Quando la Tebaide era in Calabria, quando tra i
monti della Sila e il Mar Ionio decine di anacoreti cercavano rifugio in
luoghi impervi, quando i saraceni, con le loro incursioni, seminavano il
terrore tra la popolazione cristiana, un uomo fu all’origine di una
straordinaria avventura monastica. Quell’uomo era Nilo, san Nilo,
innografo e monaco dalla fortissima personalità, di cui ricorre quest’anno
il millenario della morte.
Era il X secolo, epoca di paure e di catastrofi,
secondo la vulgata storiografica o, meglio, secondo una leggenda dura a
morire. Sotto il regno di Leone VI il Saggio e poi di Romano Lecapeno,
l’impero bizantino viveva la sua epoca d’oro, ma continuava a perdere una
dopo l’altra le lontane province dell’Italia meridionale. Gli Arabi
dominavano il Mediterraneo e – dopo la Sicilia, quasi interamente
assoggettata – insidiavano ormai la Calabria.

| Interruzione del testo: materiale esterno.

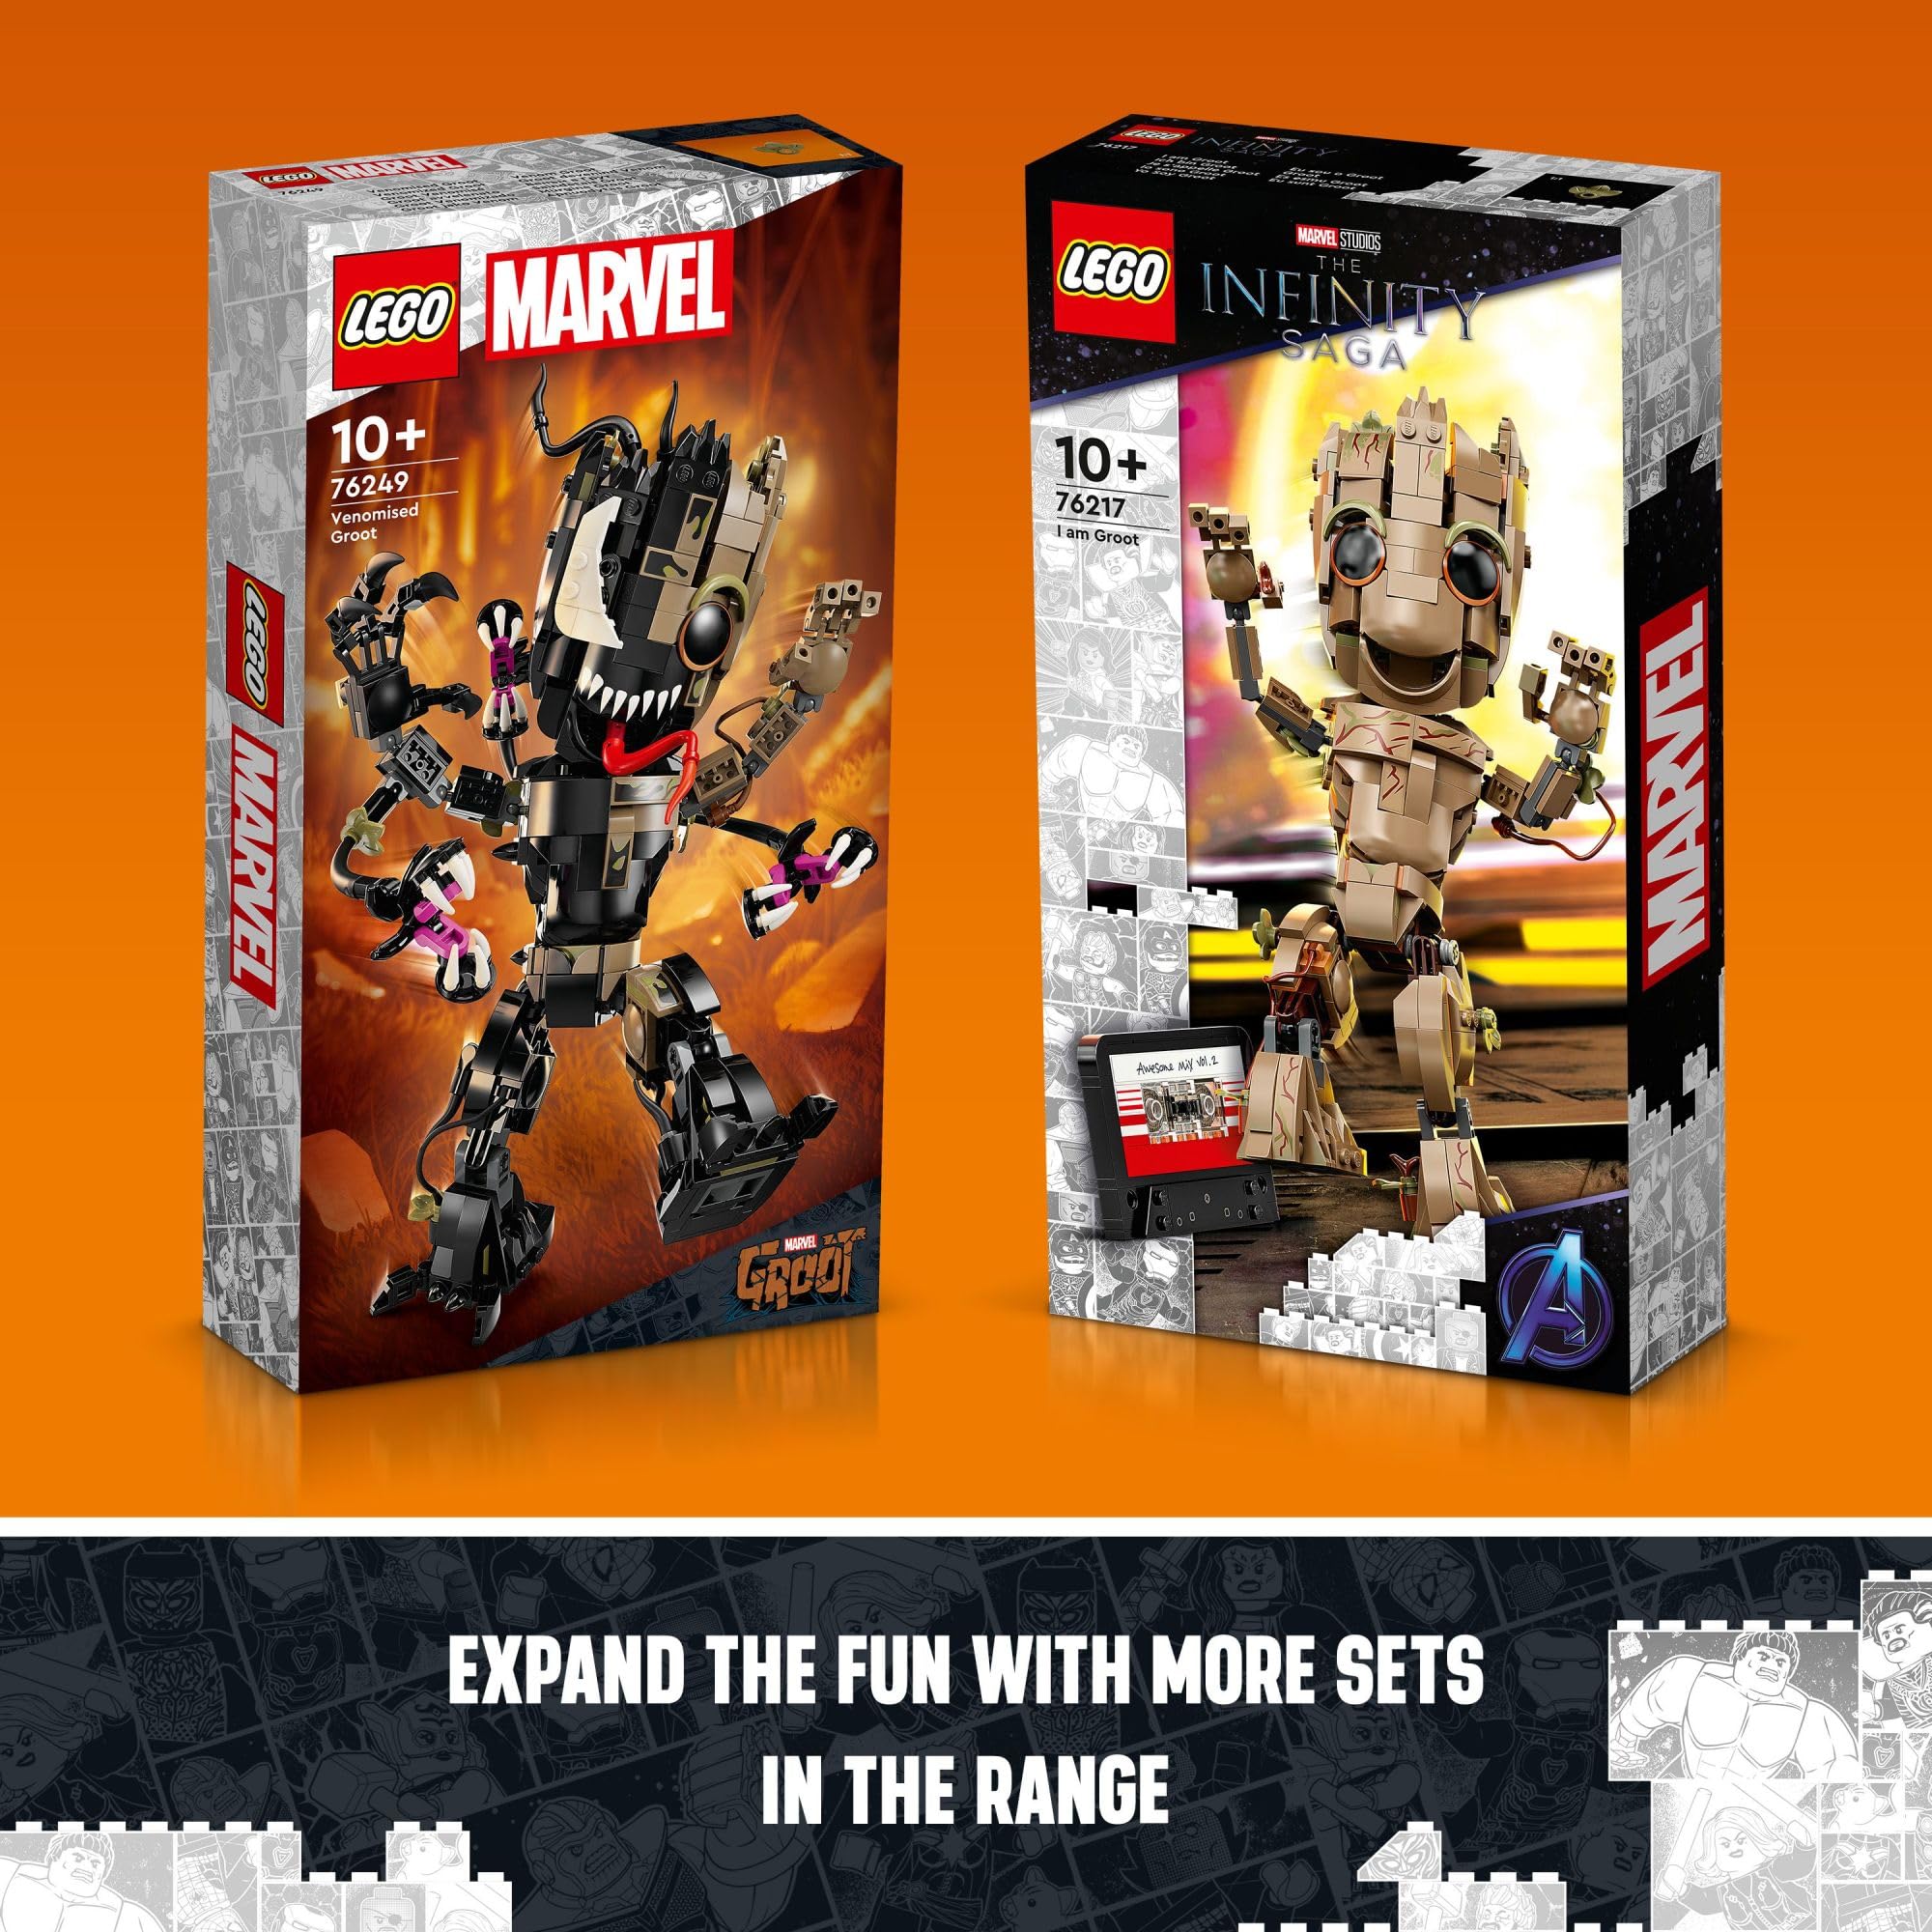 LEGO Marvel Venomized Groot 76249 Transformable Marvel Toy for Play and Display, Buildable Marvel Action Figure for Fans of the Guardians of the Galaxy Movie, Marvel Birthday Gift for 10 Year Old Kids

La volta affrescata della chiesa di Sant’Adriano,
non lontana da Rossano Calabro.
Nilo era nato a Rossano, sulla costa ionica, in
una famiglia aristocratica, probabilmente nel 910: il suo nome di
battesimo era Nicola. Educato dalla sorella maggiore, dopo la morte
prematura dei genitori, amava dedicarsi allo studio delle lettere e delle
sacre scritture. Ma, senza guida spirituale, il giovane «si lasciò
prendere nella trappola del piacere e si innamorò di una ragazza da cui
ebbe una bambina»: così scrive il monaco Macario del Monte Athos nella
breve biografia di san Nilo aggiunta al Sinassario, il libro delle
Vite dei santi in uso nella Chiesa ortodossa. La fonte di Macario – così
come degli altri agiografi più antichi – è il Bios, scritto dal
discepolo di Nilo, Bartolomeo di Rossano. Da quest’opera di grande valore
documentario e spirituale conosciamo gli avvenimenti che segnarono la vita
del santo: il matrimonio con la giovane – alla quale allude anche Macario
– che «per vaghezza e bellezza di forme superava tutte le altre, ma di
bassa e umile condizione»; la conversione, dopo una malattia, da cui guarì
all’improvviso attraversando un torrente; gli anni di vita solitaria e di
ascesi in una grotta; la fondazione di nuovi monasteri, gli incontri e gli
scontri con i potenti.

Un monaco di Grottaferrata maneggia alcune pergamene
dell’VIII secolo.
Sembra di leggere le storie dei padri del
deserto, di ritrovare la freschezza, l’atmosfera di fervore spirituale che
segnò le origini del monachesimo: quel miscuglio di sapienza, di ingenuità
e di durezza – per esempio, verso le donne – che ha fatto storcere il naso
a qualche storiografo neo-illuminista. O i quadretti deliziosamente naïf,
gli apoftegmi e le vite dei Padri, di cui parla Palladio nella
Historia lausiaca, opera che san Nilo copiò di sua mano.
La vita dei monaci italo-greci nel X secolo era
fatta di privazioni e di mortificazioni, sull’esempio di Antonio il Grande
e dei primi anacoreti. Secondo il suo biografo (che forse esagera, ma non
troppo), Nilo dormiva soltanto un’ora per notte e passava il resto del
tempo in preghiera, a recitare l’ufficio divino o a copiare testi
ascetici. Come unico vestito, aveva un saio fatto di peli di capra. Non
aveva né letto né sedia, né armadio né bisaccia e come calamaio, oggetto
indispensabile per lui che amava scrivere, usava un semplice barattolino
di legno ricoperto di cera. Ma tale durezza non deve stupire. «Lavoro,
preghiera, ascesi e povertà sono gli aspetti essenziali del monachesimo
italo-greco, vicini del resto al genere di vita povera e molto dura delle
popolazioni locali», ha scritto il bizantinista Agostino Pertusi.
Nilo fece l’apprendistato della vita monastica
tra gli asceti del Mercurion, dove fu discepolo di Fantino, Giovanni il
Grande e Zaccaria, venerati ancora oggi, in tutto l’Oriente cristiano, per
la loro santità. Ma per l’opposizione del governatore locale, fu costretto
ad abbandonare quella regione ai confini tra la Calabria e la Lucania, e a
chiedere di essere accolto nel monastero di San Nazario, nel salernitano.
Attratto dalla vita eremitica, visse per qualche tempo in una grotta. Poi,
con un gruppo di discepoli, tornò in Calabria e a Sant’Adriano, su una
collina di fronte ai monti del Pollino, non lontano da Rossano e dal Mar
Ionio, fondò il suo primo monastero. Era il 955.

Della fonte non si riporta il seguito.